The estimates from NCFH are larger than other current data from the Department of Housing and Urban Development (HUD) because they use different data sources and NCFH’s definition of homelessness includes more than just those families living on the street or in shelters. Family homelessness often shows up in different ways than adults who do not have or are not living with their children.  For example, NCFH counts those families who are “doubled up” – they have moved in with others – as well as families living in motels, hotels, trailer parks, camping grounds, and abandoned structures. This more inclusive definition is a result of NCFH’s use of data from the Department of Education, which collects information annually during the school year, as mandated by federal law.

While access to health insurance is not a focus of the study, it acknowledges the disproportionately high rates of chronic health conditions and previous exposure to domestic violence experienced by homeless children. Virtually all homeless children, unless they are undocumented, should be eligible for Medicaid. Yet many may not be enrolled particularly because of their unstable housing arrangements.

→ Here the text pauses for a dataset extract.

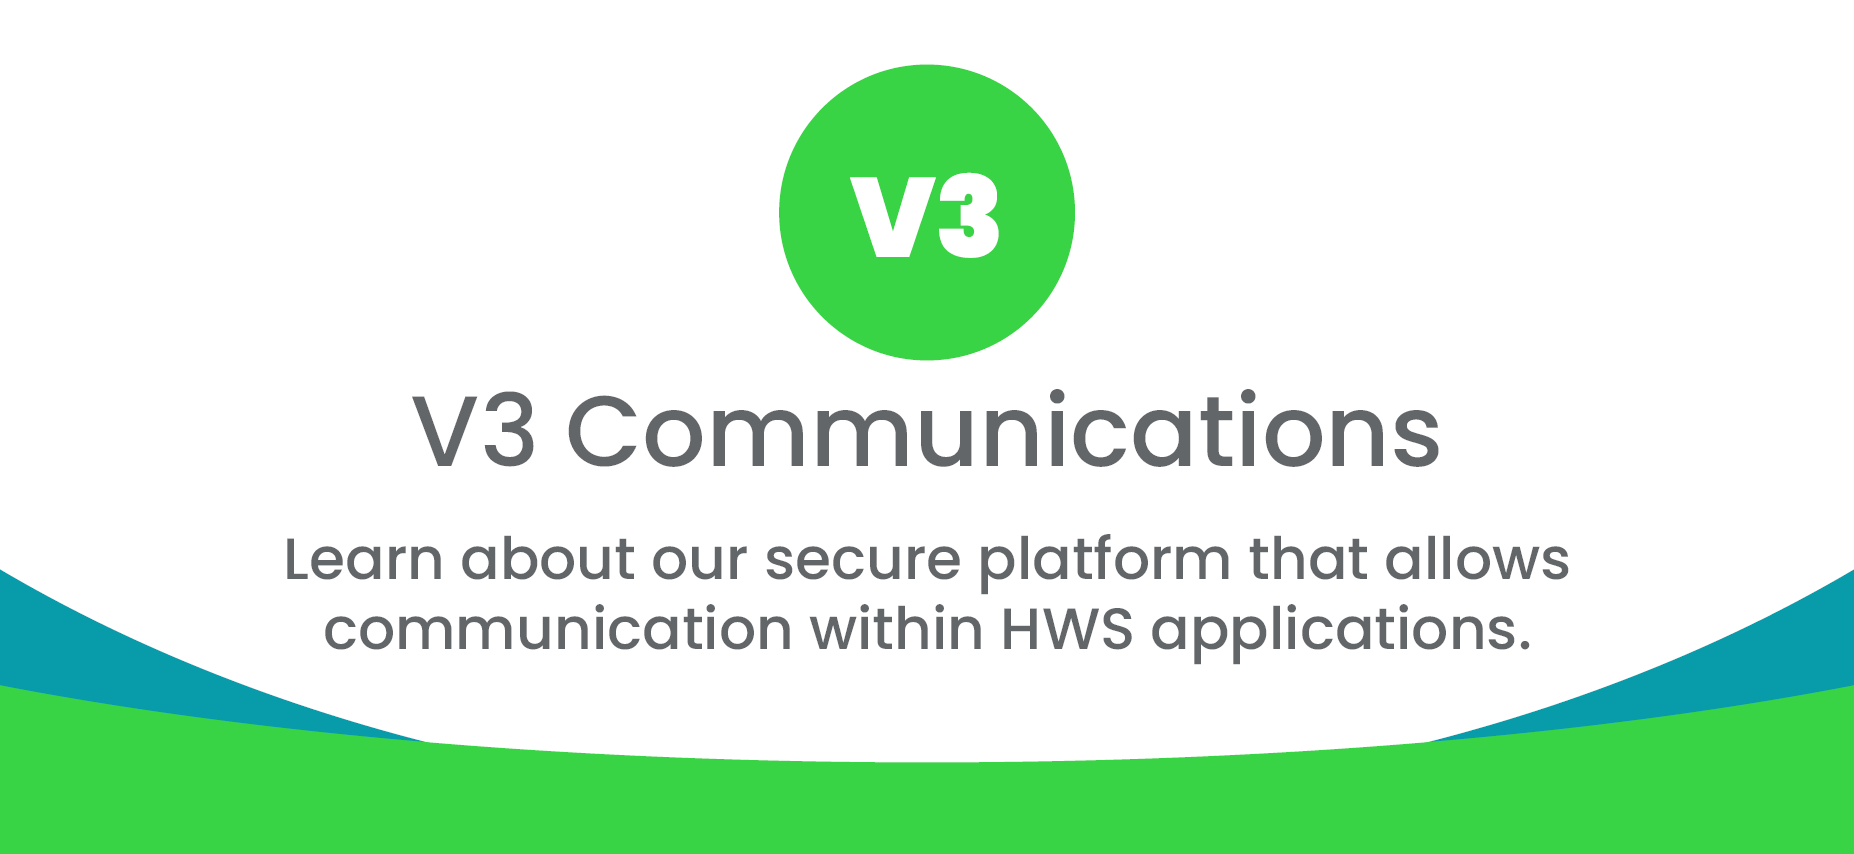 V3 Communications

We know that the poorest children, those below 50 percent of the FPL, have higher rates of uninsurance.  (Read our report on children’s 2010 uninsurance rates.). 

Enrolling homeless children is not easy; administrative requirements can serve as barriers to enrolling or retaining coverage, and as reported in the survey, 97% of homeless children move as many as three times in a year.  Many homeless persons seek treatment at the emergency room, which is then incurred by the hospital.  This should serve as a useful reminder for state and federal legislatures that the costs of homelessness can add up, and outreach and enrollment efforts that target this population make a lot of sense. (Read about Tennessee’s shelter enrollment project.) 

Ending family homelessness will only be possible by increasing access to quality, affordable housing.  Just as important is the need to offer comprehensive services and supports to families that address the broad spectrum of issues created by poverty and homelessness. Ensuring that homeless children are all enrolled in Medicaid is a good place to focus some energy.